‘Mezar’, ‘Musalla taşı’ ve Abdullah Avcı!..

Bu yenilginin baş sorumlusu Abdullah Avcı oldu. Kusura bakma hocam bu kez alkışlayamıyorum seni!

Beşiktaş kendi sahasında ve seyircisi önünde Malatyaspor ile karşılaşıyor tribünlerde oturanlar hep bir ağızdan tezahurat yapıyor:

Bu sene şampiyon görelim siziiiiii

Ölmeden mezara koymayın biziiiii

Korkutmaz bizleri musalla taşııııııı

Ölümüne seviyoruz biz Besiktaşıııııııı

Bu sene şampiyon olacaksınız

Futbolcu katili etmeyin bizi

Korkutmaz bizleri cezaevleri

Ölümüne seviyoruz biz Beşiktaşı…

Sevgi, saygı ve coşku bu tezahuratın neresinde? Sahadaki futbolcu "Futbolcu katili etmeyin bizi" bağırışıyla mı motive olacak? ‘Mezar’ ve ‘musalla taşı’ coşkuyla değil yaşamın bir diğer boyutu hüzünle bağdaşır bu marşı söyleyen sevgili kardeşlerim. Beşiktaş tribünleri geçmişte ‘Top 10’u zorlayan besteler yapardı oysa ki… Çarşı ve tribünün ağabeyleri uyuyor mu?

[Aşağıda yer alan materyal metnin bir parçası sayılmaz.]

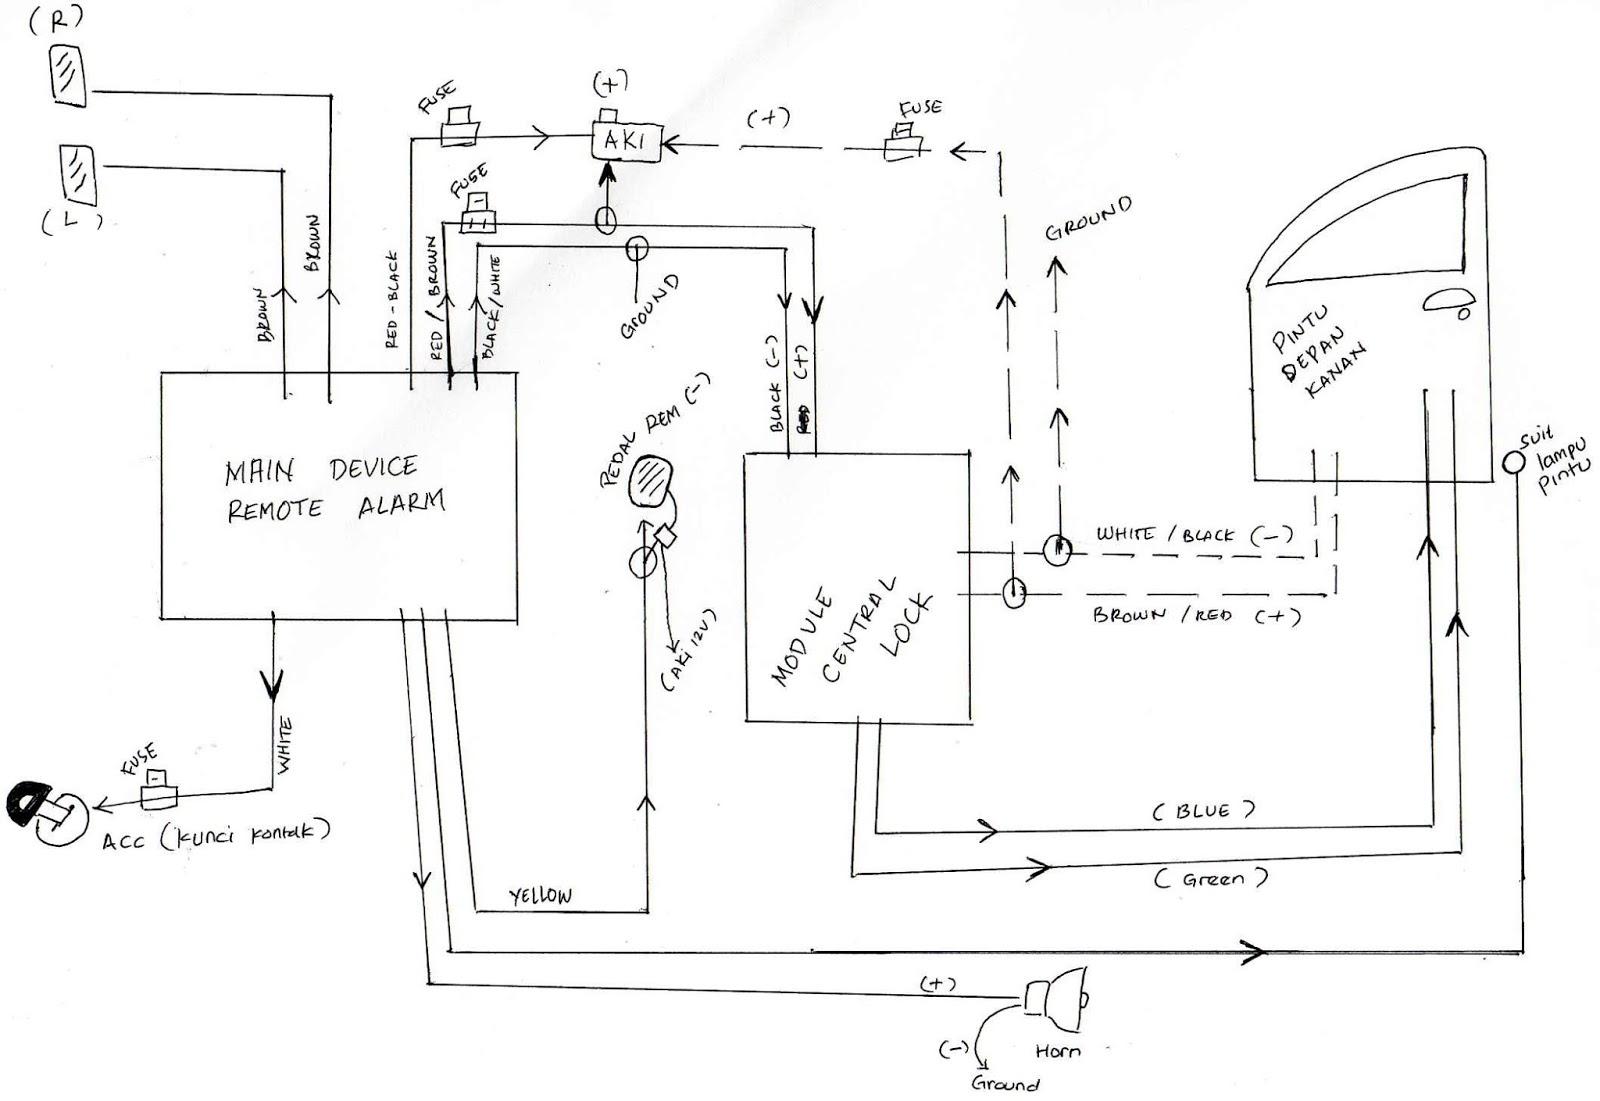 Wiring diagram ac mobil free download wiring diagram xwiaw ac plug free download wiring diagram wiring diagram central lock avanza jzgreentown of wiring diagram ac mobil swarovskicordoba Gallery

Ne yalan söyleyeyim tribünde oturan bir Beşiktaşlı yandaşı olsam önce Burak Yılmaz’a sonrasında da Abdullah Avcı’ya saydırırdım! Galatasaray’ın 2, Fenerbahçe’nin 3 puan yitirdiği haftada İnönü Stadı’nda Beşiktaş’ın rakibi Malatyaspor’du… Beşiktaş yetileri sınırlı çok sayıda futbolcusuyla buraya kadar iyi geldi üstüne üstlük Fikret Orman’ın ardında bıraktığı enkaza karşın. Tabii ki bir çelme yiyecekti ancak bunun kendi sahasında ve seyircisi önünde olmayacağını varsayıyordum… Beşiktaş’ta en çok aksayan isimlerinden başında Abdoulay Diaby’nin geldiğini yanlısı da yansızı da izledi. Öyle ki genelde sahada dolaşan Jeremain Lens’e bile razı gelindi ama Abdullah Avcı hariç. Maçın bitimine az bir süre kala pes etti de, Diaby – Lens değişimini yaptı ve Beşiktaş biraz hareketlendi.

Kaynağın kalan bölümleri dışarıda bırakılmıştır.